TASK DIRECTIONS: I would like the records restated word for word, without the pictures.
▼
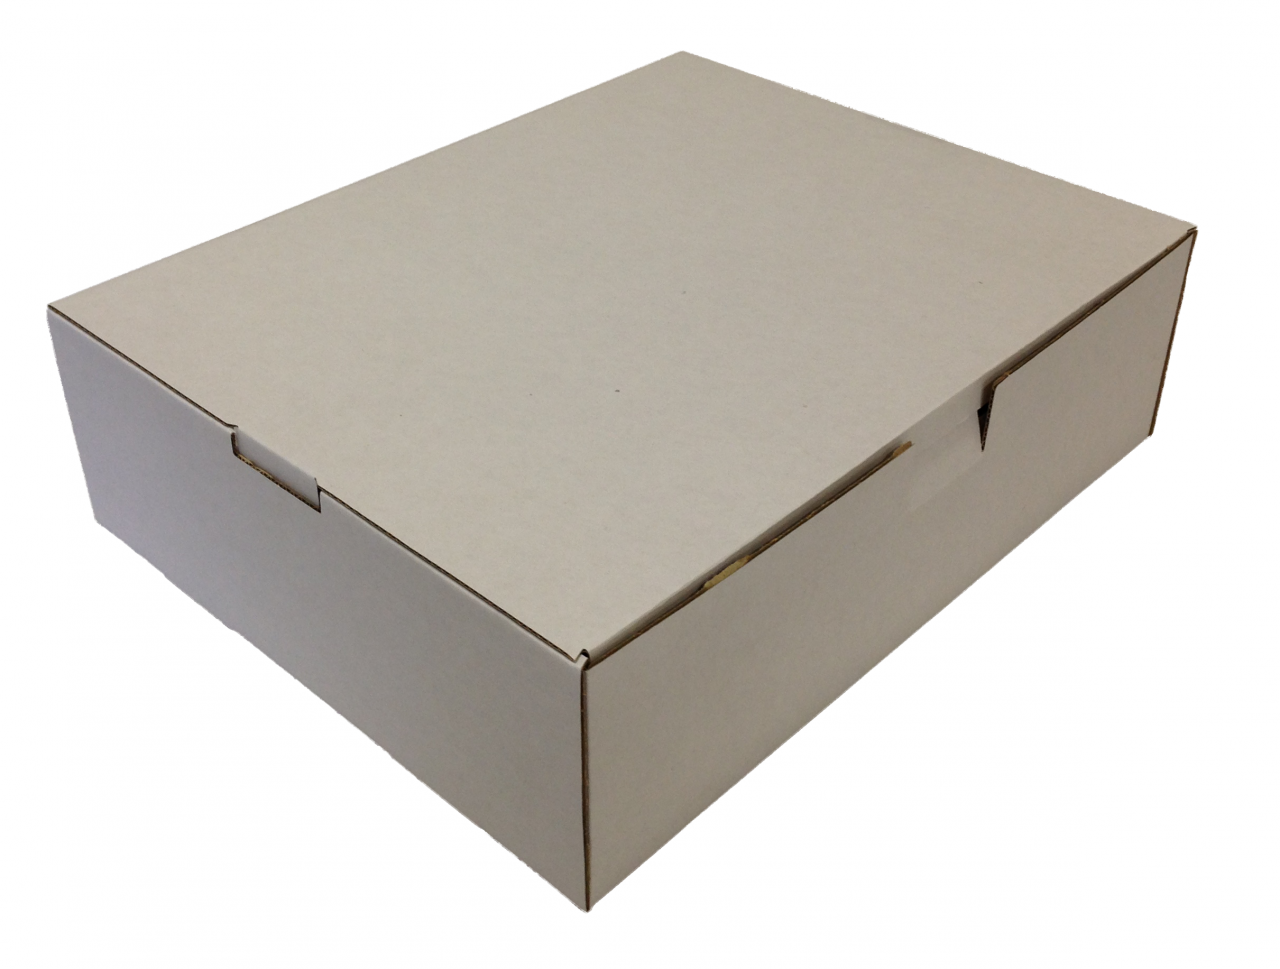 Közepes méretű önzáró tároló doboz (290x235x85 mm) Közepes méretű, önzáródó, hullámkarton tároló doboz felnyitható tetővel

Felhasználás: 
Ajándéktárgyak, szerszámok, szerelvények, egyéb kisméretű tárgyak tárolására alkalmas közepes méretű önzáródó hullámkarton tároló doboz.

Méret: 290 x 235 x 85 mm - hullámkarton tároló doboz

Anyag: mikrohullám karton papír
Színek: 
alap: barna, fehér
színes: bordó, fekete, kék, zöld
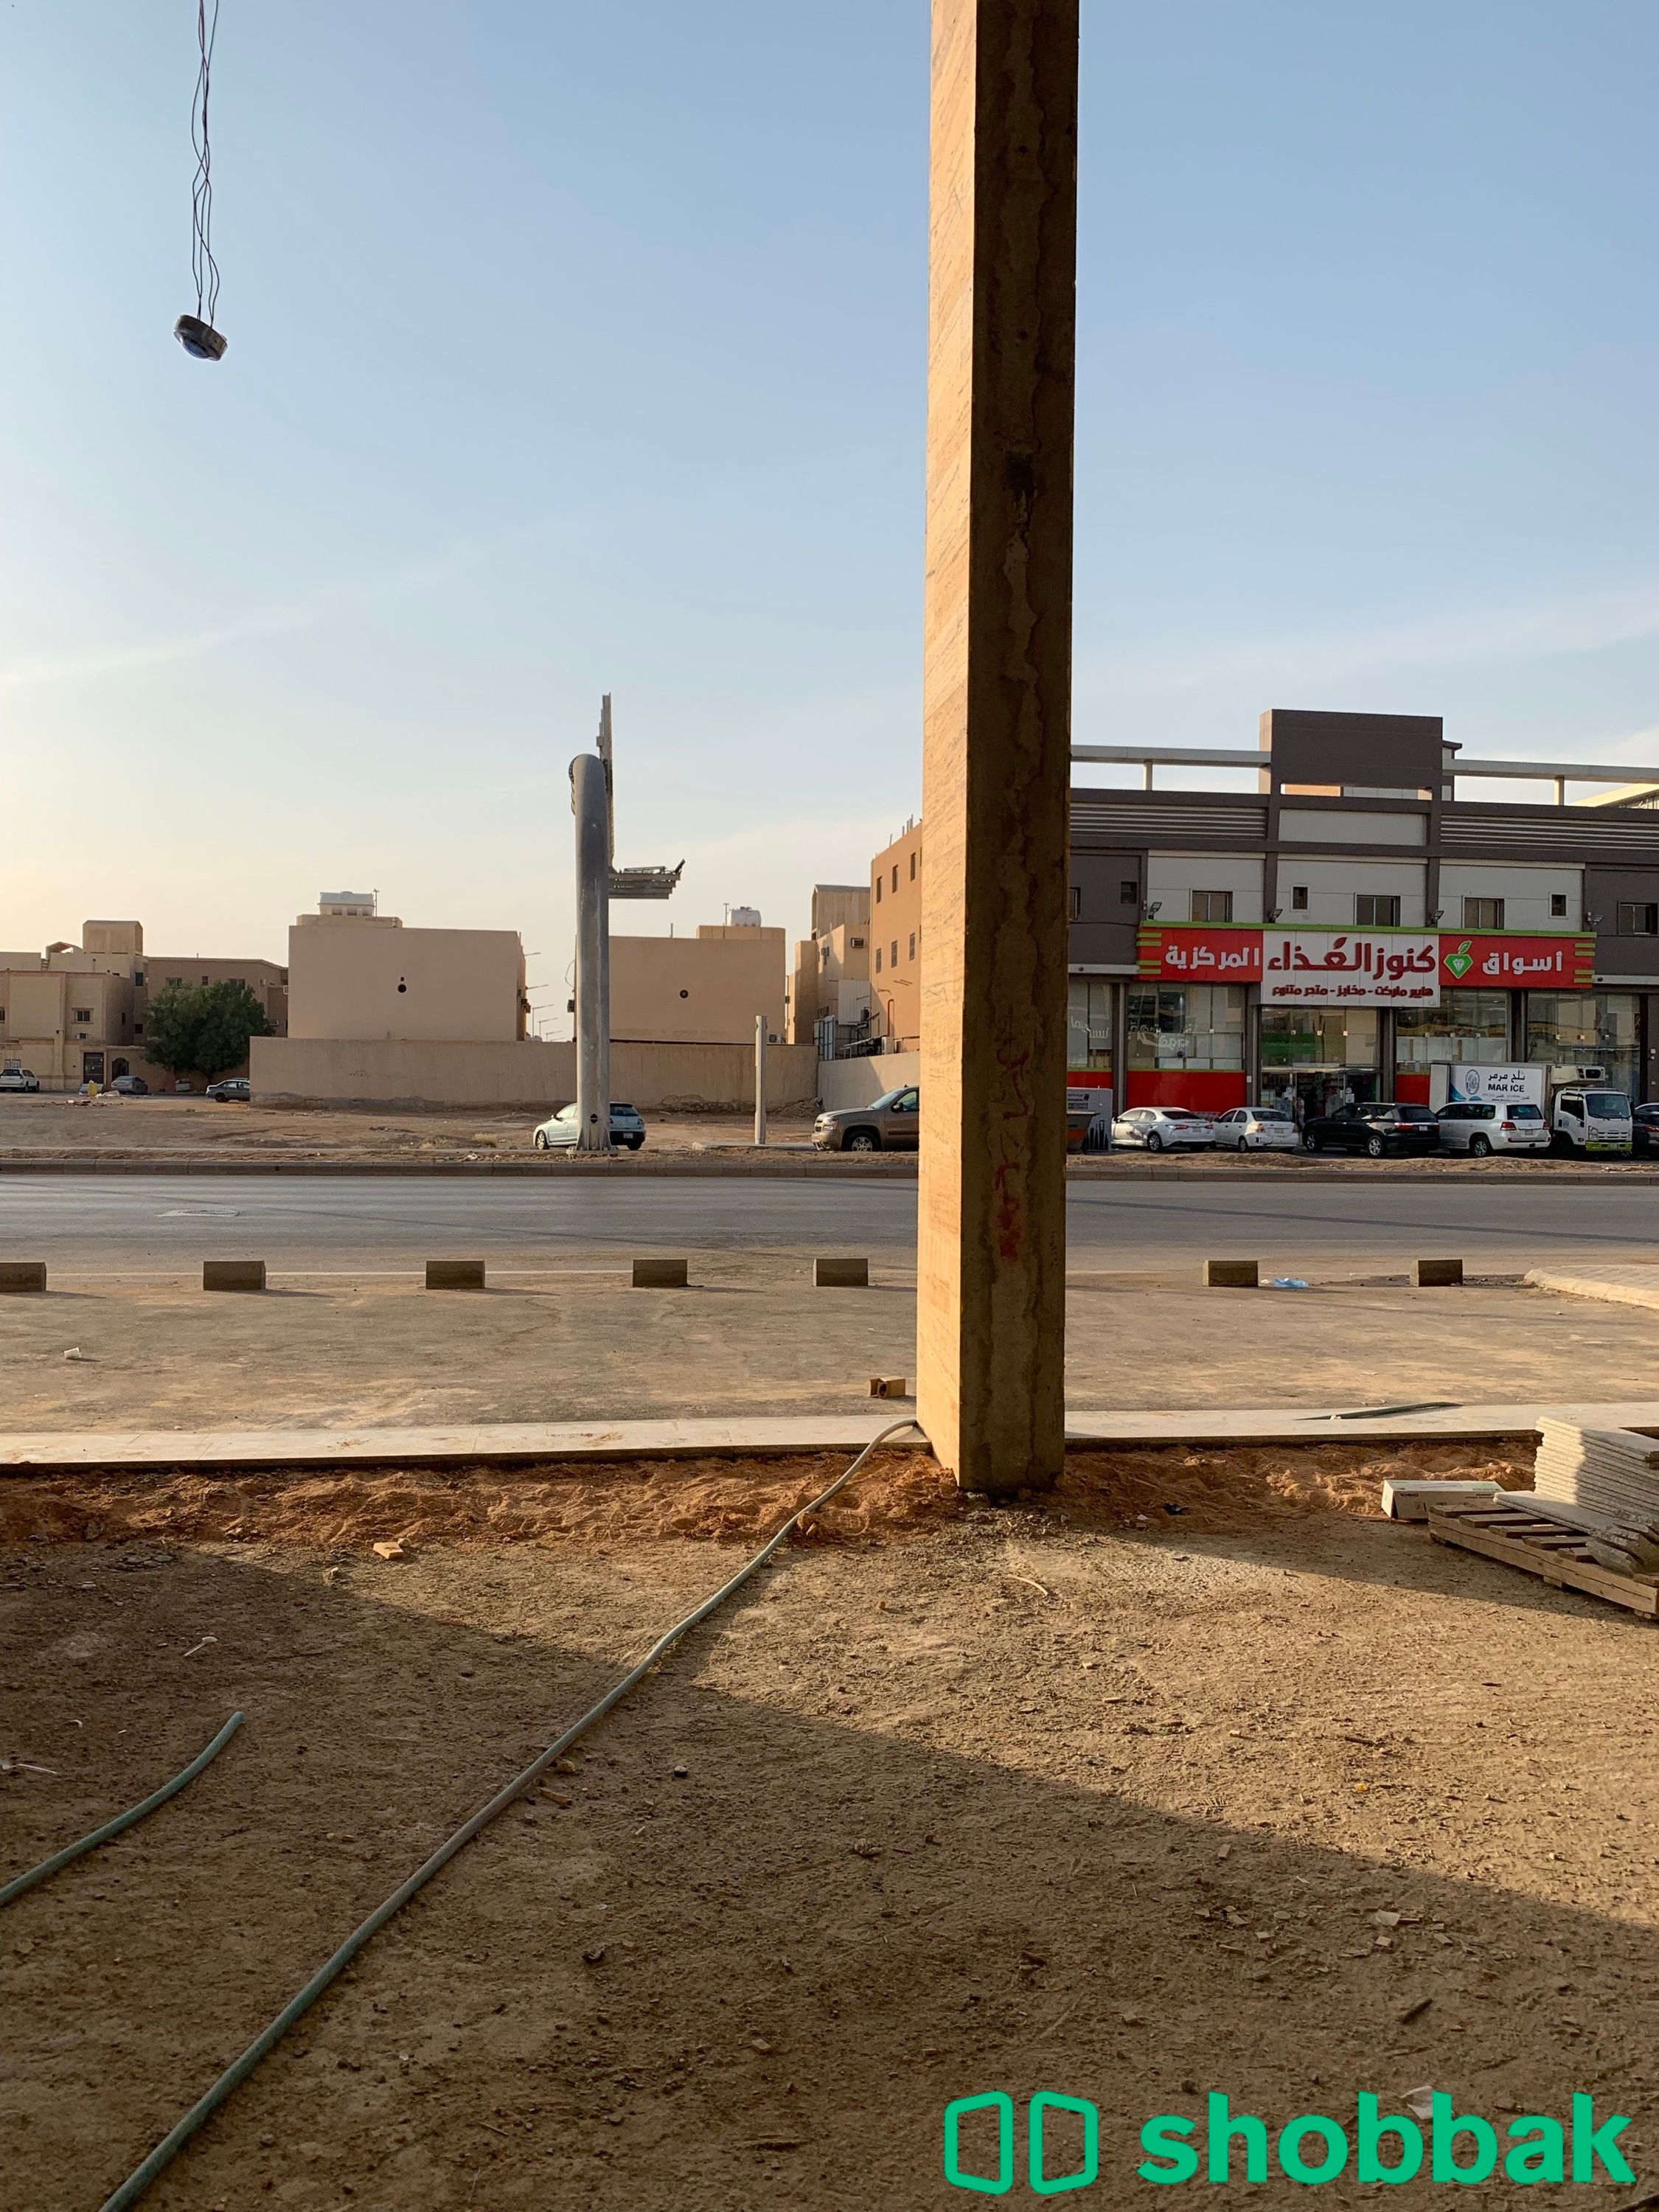 محلات للايجار | حي ظهرة لبن  Shobbak Saudi Arabia
▲
ANSWER AREA:
 Közepes méretű önzáró tároló doboz (290x235x85 mm) Közepes méretű, önzáródó, hullámkarton tároló doboz felnyitható tetővel

Felhasználás: 
Ajándéktárgyak, szerszámok, szerelvények, egyéb kisméretű tárgyak tárolására alkalmas közepes méretű önzáródó hullámkarton tároló doboz.

Méret: 290 x 235 x 85 mm - hullámkarton tároló doboz

Anyag: mikrohullám karton papír
Színek: 
alap: barna, fehér
színes: bordó, fekete, kék, zöld
 محلات للايجار | حي ظهرة لبن  Shobbak Saudi Arabia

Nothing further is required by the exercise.